Soother might also relax her and get her to settle then pop her on? If she's feeding every 3 hrs, try feed @2.45.. she may pop on and off, go with it. Feel confident as best you can. She can feel the vibe. Lots of skin to skin between feeds.
You could try a pump and express regularly so the flow improves and you maintain supply. Ok it's a right faff but if you empty the boob each time and regularly they'll increase supply. Then she can have breast milk from a bottle until your flow is faster and she doesn't get angry with it.
That's what I did but it was a hard time.. but it did pass. I was pumping 4x a day. In hindsight I think I accepted this v hard route too easily cos I was stressed about him refusing me.
This may sound cruel so I am sorry but have you tried bottle feeding with a new born teat?
I was hospitalised when ds was 8 weeks and I was too ill to feed so he went on to bottles. A week later I changed my mind. I moved him to new born teats so bottles were no easier and we re-established breast feeding. I combination fed for a while until my milk supply was better and I went on to feed him until he was 2.5yrs.
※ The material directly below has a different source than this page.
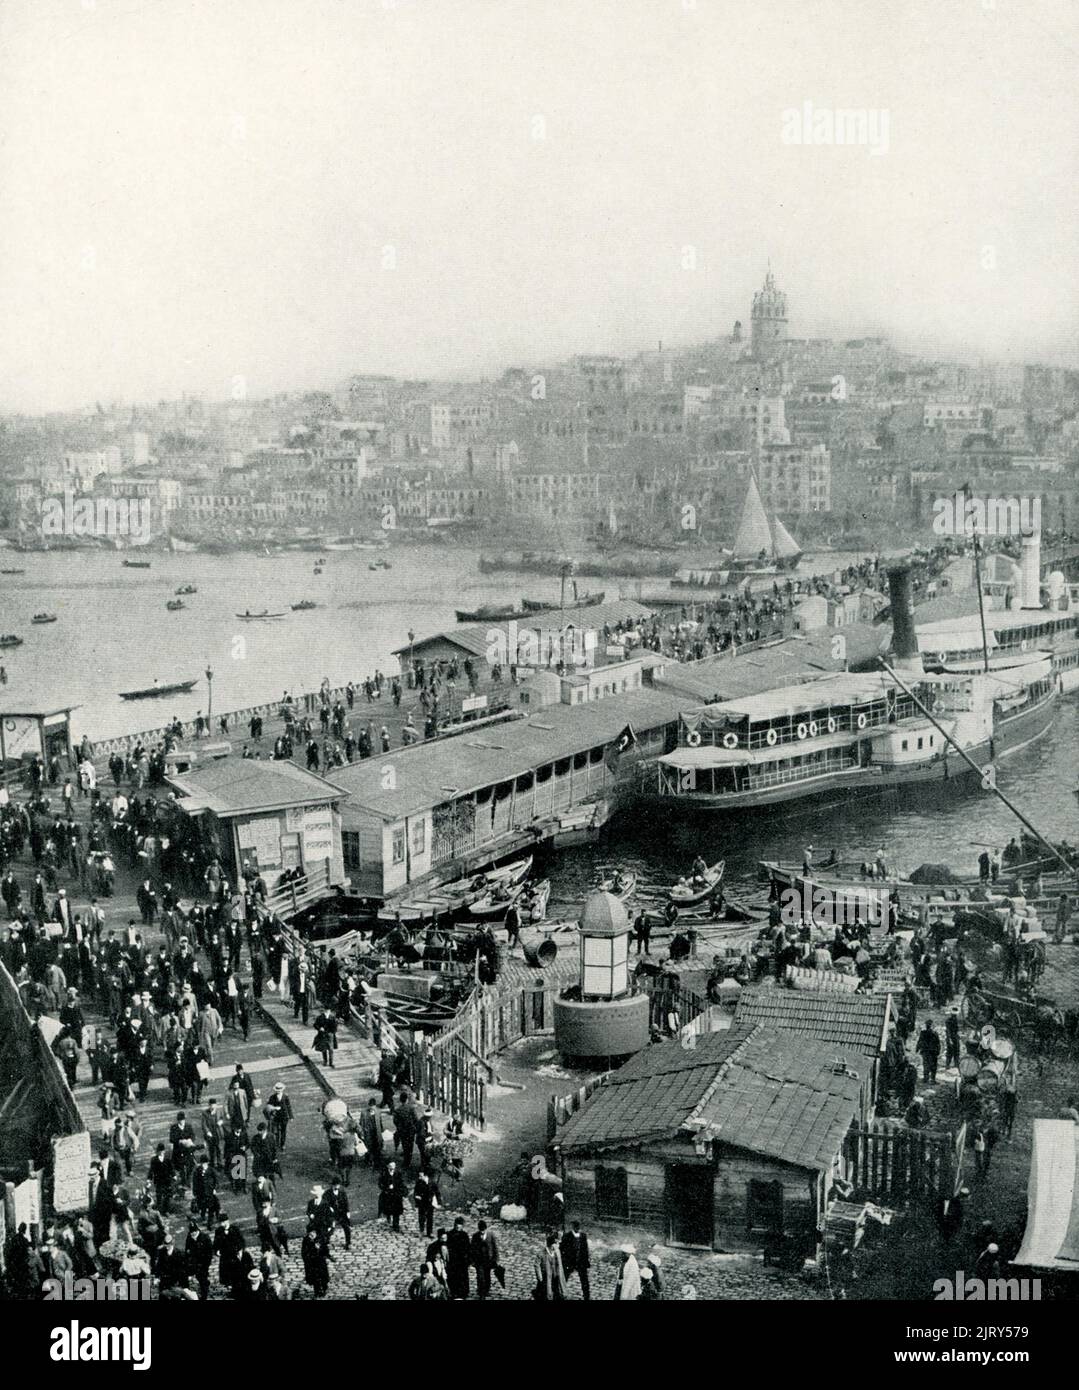 Dieses Foto aus dem Jahr 1913 zeigt die Galata-Brücke in Konstantinopel (vorn.Chr. Istanbul) in der Türkei, die Galata und Pera verbindet. Die Galata-Brücke ist eine Brücke, die das Goldene Horn in Istanbul, Türkei, überspannt. Vor allem seit dem Ende des 19.. Jahrhunderts ist die Brücke in der türkischen Literatur, im Theater, in der Poesie und in Romanen zu finden. Die Brücke verbindet Europa und Asien., Anfang 1900s, Anfang 20. Jahrhundert Stockfoto

Thx everyone. As it happens I Amazon Primed a manual breast pump yesterday so I managed to pump this afternoon and DD woke from a nap as I was doing it so rammed her straight on the breast and she fed as my milk was obviously in already. I have a few different teats she's feeding from, think the colic ones are first size but I'll check that. Had to give her another bottle before bed but planning to dream feed later which hopefully works. Toddler at grannies tonight (and DH now home to help) so it doesn't matter as much if she's noisy through the night. Going to keep pumping though. All very stressful.
Have you tried paced bottle feeding to get her used to a slower flow? Kelly mom have some info on it.